Я соврал, на самом деле у меня не было никаких дел, и я собирался на сегодня просто отоспаться, а то вся эта неделя была какая-то сумасшедшая. В понедельник аврал на работе, засиделись почти до девяти. Во вторник, с начальником лаборатории ездили на завод, у них что-то не получалось, а они винили нас, что мы напортачили с чертежами. В среду гудели у Валерки почти до часу, а вчера день рождения на работе. Короче, я не дожидаясь субботы, решил отдохнуть и просто выспаться. Поэтому, распрощавшись со Славкой, я вышел на улицу и направился домой, продолжая размышлять о феномене, как я его образно назвал, который со мной произошел утром и продолжался в течение дня.
Когда я вернулся домой, то увидел на столе записку от матери:
— Алеша! Суп в холодильнике, котлеты и картошка в сковороде на второй полке. Не забудь помыть за собой тарелки. Уехала к Зинаиде Петровне, буду дома к 17 часам. Мама.
— Блин, — подумал я, — вечное напоминание относительно мытья тарелок, — я взял в руки записку, скомкал её и выкинул в помойное ведро, и в этот момент неожиданная мысль пришла мне в голову:
— А ведь я никогда раньше не говорил так, то есть нет, говорил, только не добавлял слово блин, а сейчас почему-то вдруг добавил. Почему? — и ответил на свой же вопрос, — Потому что так часто говорят в том времени, которое будет и которое мне, то ли померещилось, то ли привиделось, как угодно это можно назвать.
— Так, главное не паниковать, а попытаться успокоиться, сосредоточиться и во всем разобраться и возможно из всего этого извлечь хоть какую-то пользу.
Я достал из сковородки холодную котлету, разрезал её вдоль, потом отрезал два куска хлеба и густо намазав горчицей, положил её между ними. Налив большую кружку кваса, который мать сама делала на ржаных корках, я отправился в свою комнату и, улегшись на диван, стал размышлять:
— Итак, что мы имеем. Имеем фрагменты воспоминаний моей собственной жизни, которая, если исходить из того, что я помню, весьма фиговая. Больной, одинокий, потихоньку спивающийся мужик, не имеющий никакой перспективы в дальнейшем. Семейная жизнь не удалась, работы нет, здоровья тоже. Теперь рассмотрим саму обстановку окружающего мира. Союз развалился, социализм кончился, капитализм шагает по планете, однако конфронтация между Россией и Америкой в целом осталась, хотя и не в такой мере как раньше. Появились отечественные миллиардеры и миллионы малоимущих. Обстановка однако. Если смотреть с позиций сегодняшнего дня, хуже не придумаешь и совершенно нереально. Теперь, что мы четко помним из истории. Итак, Олимпиаду в Москве часть стран, включая США, будут бойкотировать, очередность генсеков известна. Ну и многое чего из воспоминаний. Если исходить из этого, то, стоит подождать всего два-три года и в случае если все это сбудется, то значит, все это не плод воображения, а реальность, точнее шанс изменить собственную жизнь и сделать её другой.
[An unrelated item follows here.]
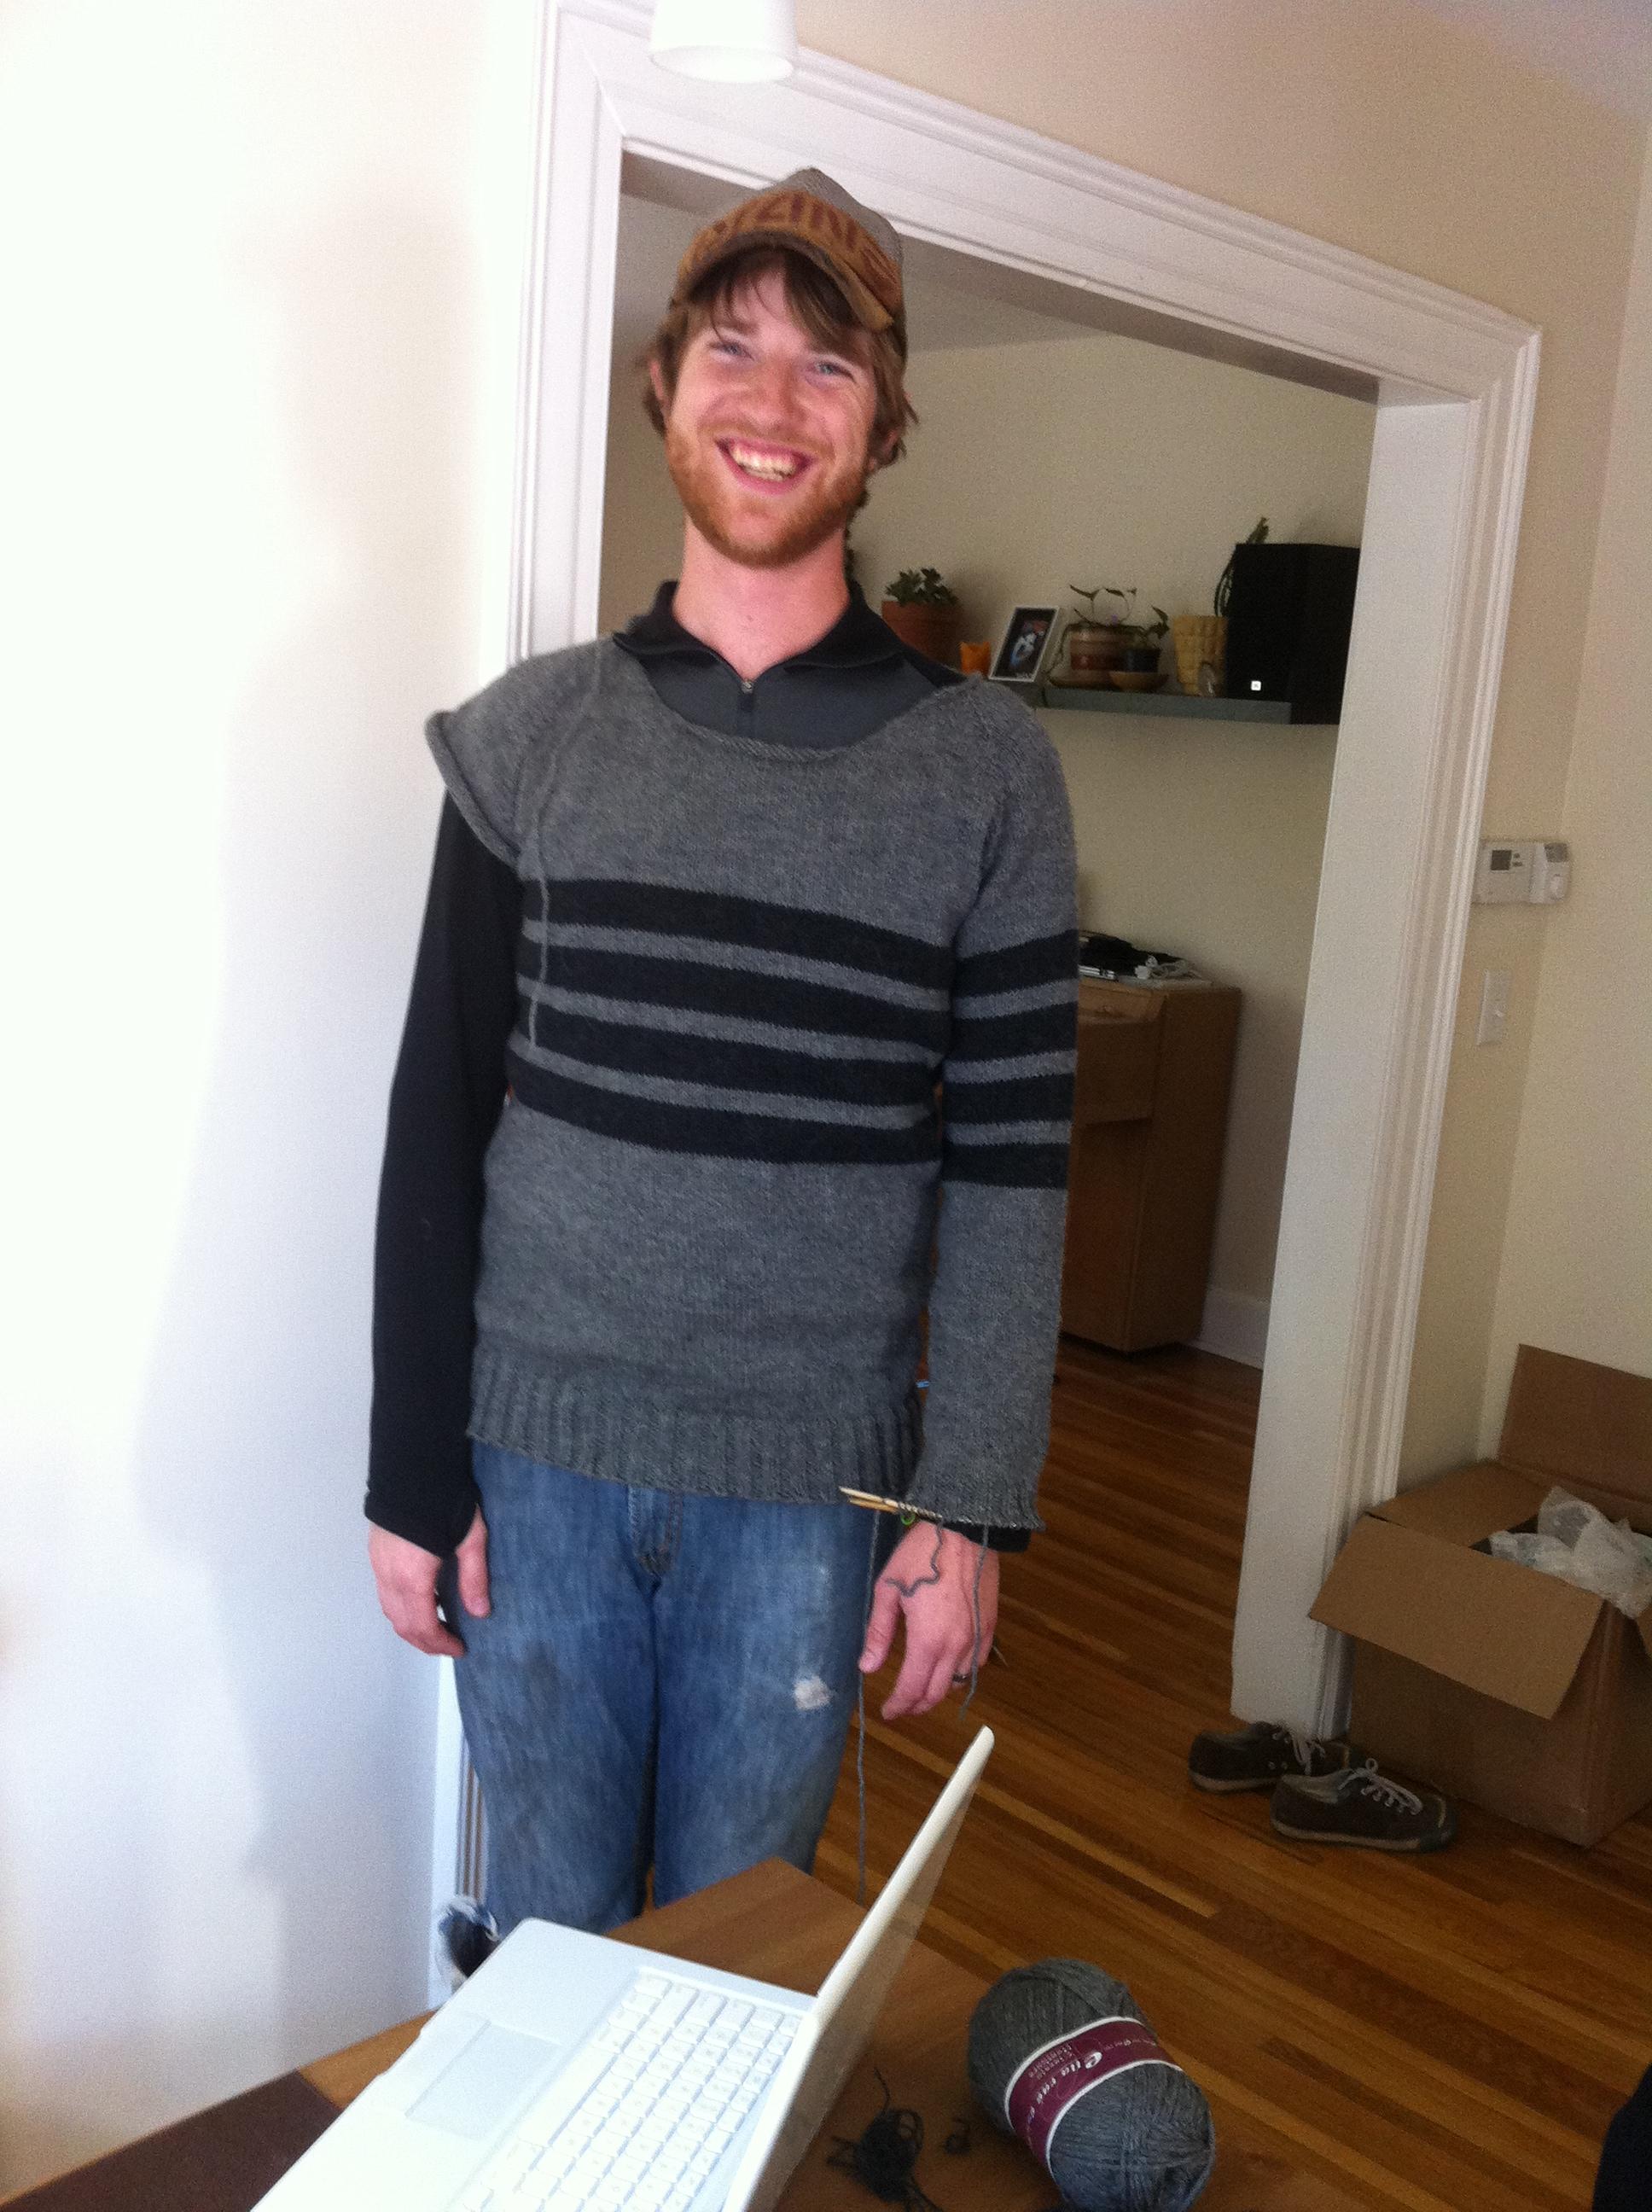 Fall inspires knitting: sweaters, socks, handwarmers, shawls…

Мои мечтания увели меня в то время, когда я возвращаюсь в начало двадцать первого века, и перед моим взором предстал большой кабинет, в котором сидит солидный мужчина, перед ним секретарша с большим бюстом и, внимая указаниям, записывает в блокнот, непрерывно повторяя:
— Слушаюсь, Алексей Михайлович. Все понятно, Алексей Михайлович. Будет исполнено, Алексей Михайлович, — и затем, упорхнув из кабинета и закрыв за собой дверь, она оставляет меня одного, а я подымаю трубку и говорю:
— Лизок, чашку крепкого кофе и соедини меня с Лондоном.
Я смеюсь над самим собой и незаметно засыпаю.
Я не успел разомкнуть веки, чтобы осмотреться, как понял, что вернулся в свой привычный мир, где на календаре значится 2005 год от Рождества Христова. Для этого не надо было смотреть на календарь, смотреть на себя в зеркало, или судорожно звонить по телефону, выясняя, какое сегодня число. Боль в спине, которую ощутил, говорила, что я вернулся в свое настоящее. Книга лежала рядом, а из неё выглядывал край тетрадного листа с моим школьным сочинением.
— Ну вот, все снова вернулось на круги своя. А здорово было почувствовать себя вновь молодым и здоровым и окунуться в беззаботный мир тридцатилетней давности. И мать повидал. Молодая, жизнерадостная, как когда-то.
Опустив ногу с дивана, и упираясь рукой, я осторожно приподнялся. Прихрамывая, прошел на кухню и, найдя лекарство, принял таблетку, которая хоть ненадолго отпустит боль и позволит слегка передохнуть. Усевшись на стул, я выглянул в окно. Бесконечный поток машин двигался в основном в одном направлении. Они ехали из центра и, гудя и сигналя, пытались поскорее проехать узкое место, которое образовалось из-за остановки двух троллейбусов и маршрутного такси. Маршрутка пыталась вырулить, но поток не давал ей этого сделать.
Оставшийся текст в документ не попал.